As is clear from Table 6, when a combination system of a polyoxyethylene derivative and polyethylene glycol is used as an absorption enhancer, almost no irritation to human skin is observed.

(Effect of the invention) The percutaneous absorption preparation according to the present invention uses a combination of a polyoxyethylene derivative and polyethylene glycol as an absorption enhancer, and therefore, a sufficient amount of the drug to exert the desired drug effect on the skin. In addition to being absorbed through the skin, the skin irritation caused by the absorption enhancer can be greatly reduced.

It is considered that such remarkable effects of the present invention are due to the following mechanism of action of the absorption enhancer comprising a polyoxyethylene derivative and polyethylene glycol.

(A) The use of the present absorption enhancer significantly improves the release amount of the drug per unit area and unit time and the migration of the drug into the skin. This is because the above substances change the physical properties of the adhesive base and penetrate into the skin to change the physicochemical properties of the stratum corneum to reduce the barrier function of the stratum corneum. As a result, the partition coefficient of the drug between the adhesive base and the skin changes, or the diffusion rate of the drug in the skin is increased, the release amount of the drug is improved, and the required amount of the drug is easily transferred to the skin. Permeate and is absorbed by the circulatory system of the body.

Therefore, compared with the conventional drug-containing transdermal preparation,
It is possible to obtain a percutaneous absorption preparation having a larger effective dose than conventional products having the same area. In other words, the same effect as the conventional product can be obtained with the transdermal preparation having an area smaller than that of the conventional product.
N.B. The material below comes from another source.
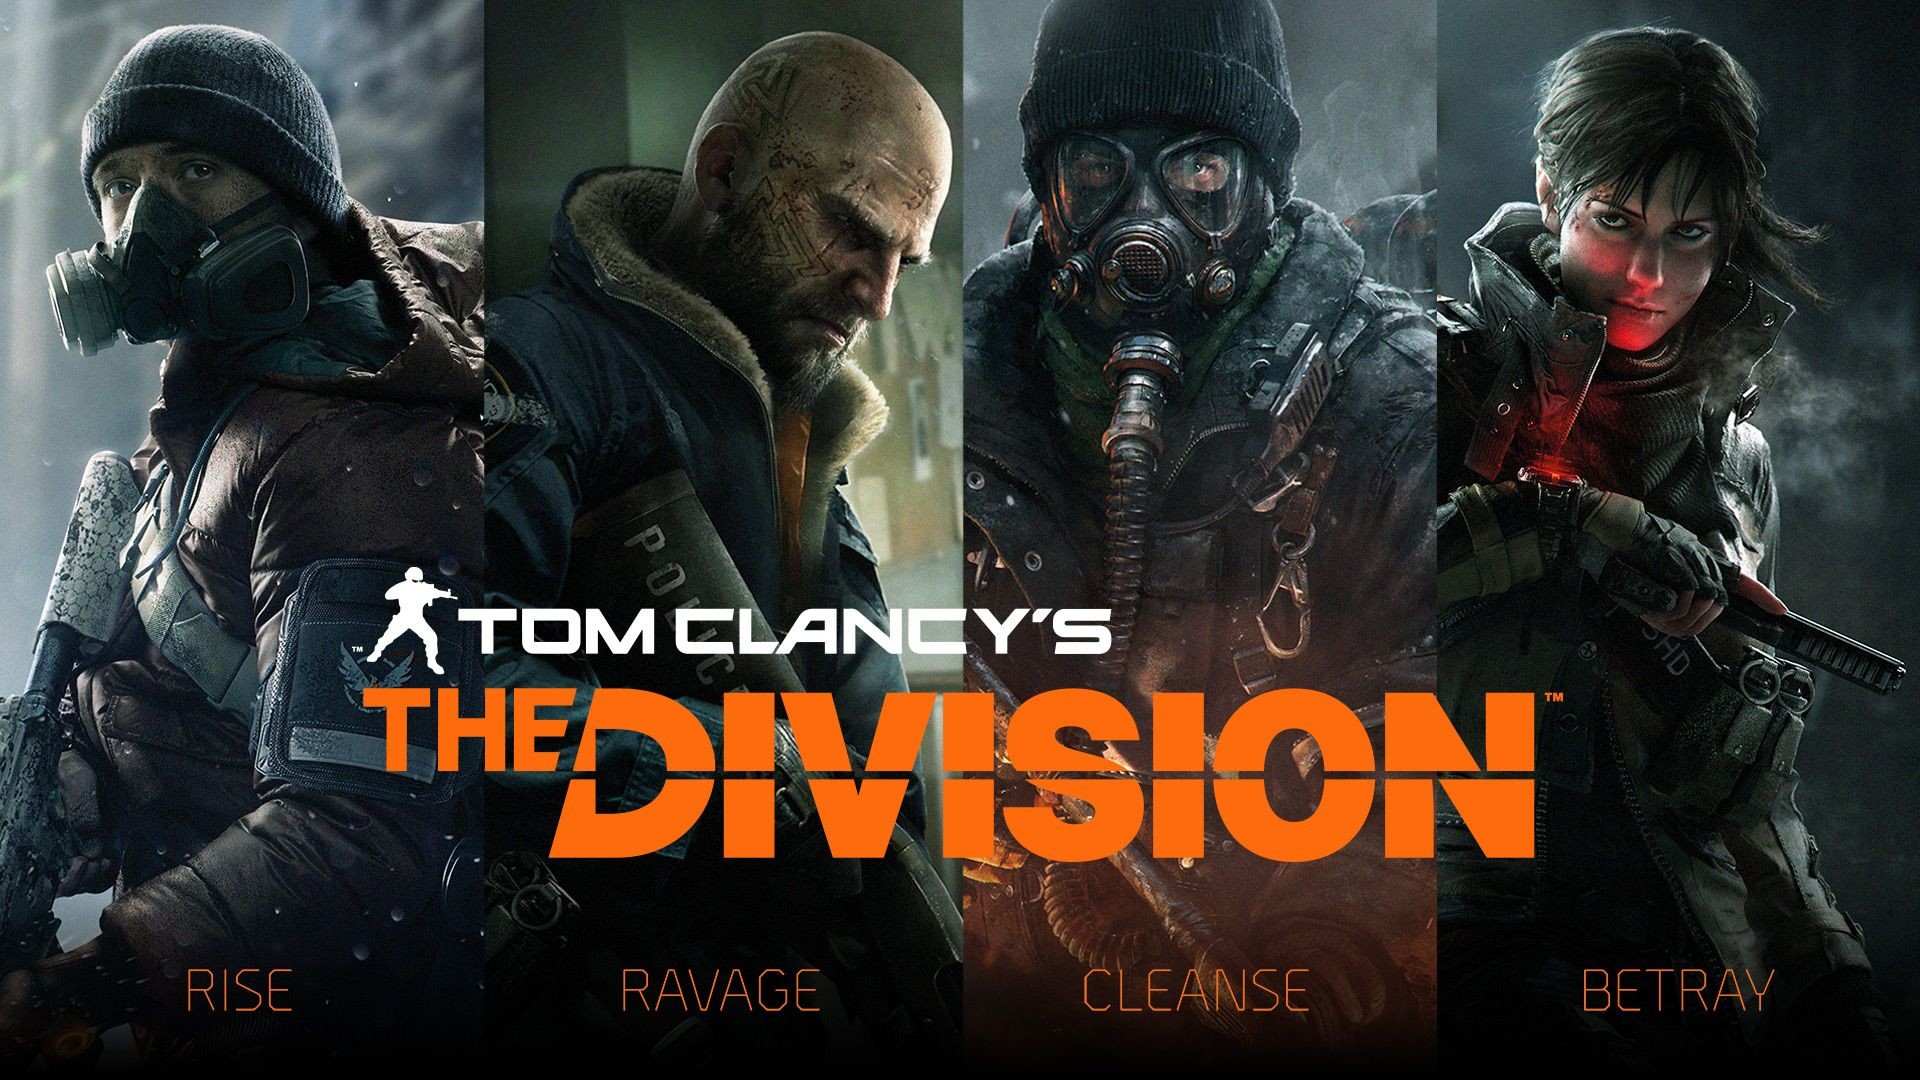 1920x1080 tom clancys the division poster - 1080 x 1920 HD Backgrounds, High  Definition wallpapers for Desktop, Dual Monitors, Laptop, Tablet

(B) Regarding the reduction of skin irritation, since this absorption enhancer is a substance having an excellent effect of promoting percutaneous permeation as described above, the application area required for drug administration is small, and the skin is not required for long-term use. Has less damage.

In addition, since a transdermal absorption preparation with a small area as described above provides sufficient medicinal effects, it is possible to avoid erythema in people who are sensitive to skin irritation, or to reduce the area of erythema as much as possible. Sent. And since the transdermal preparation has a small area in this way, in addition to being able to easily perform the sticking operation,
It is possible to reduce the feeling of strangeness caused by sticking.

(C) In addition, as described above, since the absorption enhancer easily transdermally absorbs a sufficient amount of the drug to exert the desired drug effect, a large amount of the drug can be applied as in the past. It need not be included in the layer.

In addition, the use of this absorption enhancer can maintain the effective blood concentration for a long time, and enhance the bioavailability of the drug.

In addition, since this absorption enhancer does not modify the drug, it has excellent compatibility with the adhesive base and does not change the compatibility of the drug with the adhesive base. The drug does not precipitate from it.

(D) Thus, according to the percutaneous absorption preparation of the present invention, since a combined use system of a polyoxyethylene derivative and polyethylene glycol is used as an absorption enhancer, the above-mentioned remarkable effects are exhibited.

[Brief description of drawings]

The drawing is a perspective view showing a diffusion cell used for testing the skin permeability of a drug contained in a transdermal preparation.

Claims (2)

(57) [Claims] 1. A percutaneous absorption preparation comprising a support and an adhesive layer comprising an adhesive base, an absorption enhancer and a drug, wherein the absorption enhancer comprises a polyoxyethylene derivative and polyethylene glycol. A percutaneous absorption preparation characterized by the following. 2. The content of the absorption promoter in the adhesive layer is 0.1 to 45.
The formulation according to claim 1, wherein the formulation is wt%.